• _Try it_
Consider the listing below. Extract exactly the lines from the line containing "Kitchen Details Paper" to the line containing "Infographic: Are remote", both included.

*** Data for processing ***

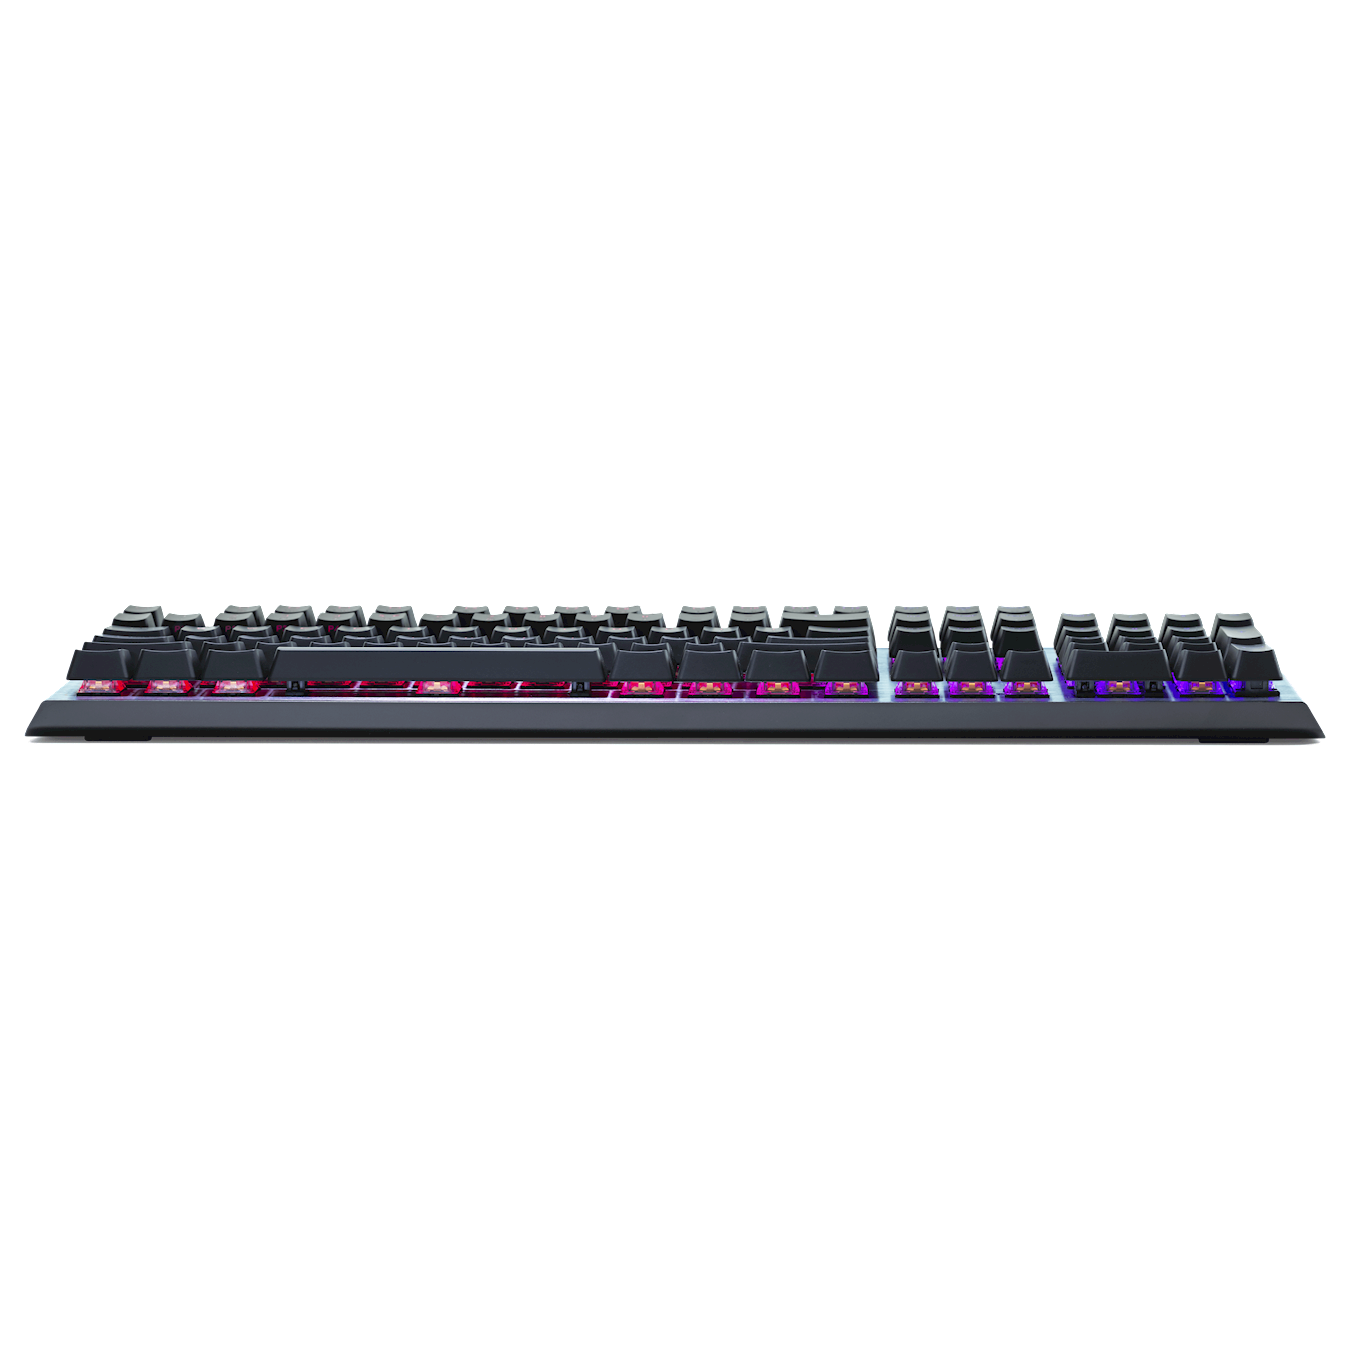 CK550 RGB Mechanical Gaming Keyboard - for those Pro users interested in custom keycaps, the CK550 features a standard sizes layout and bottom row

*** End of Data for processing ***
*** Data for processing ***

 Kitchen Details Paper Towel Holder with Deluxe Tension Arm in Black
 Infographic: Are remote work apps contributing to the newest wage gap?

*** End of Data for processing ***

• _Exercise solution_
 Kitchen Details Paper Towel Holder with Deluxe Tension Arm in Black
 Infographic: Are remote work apps contributing to the newest wage gap?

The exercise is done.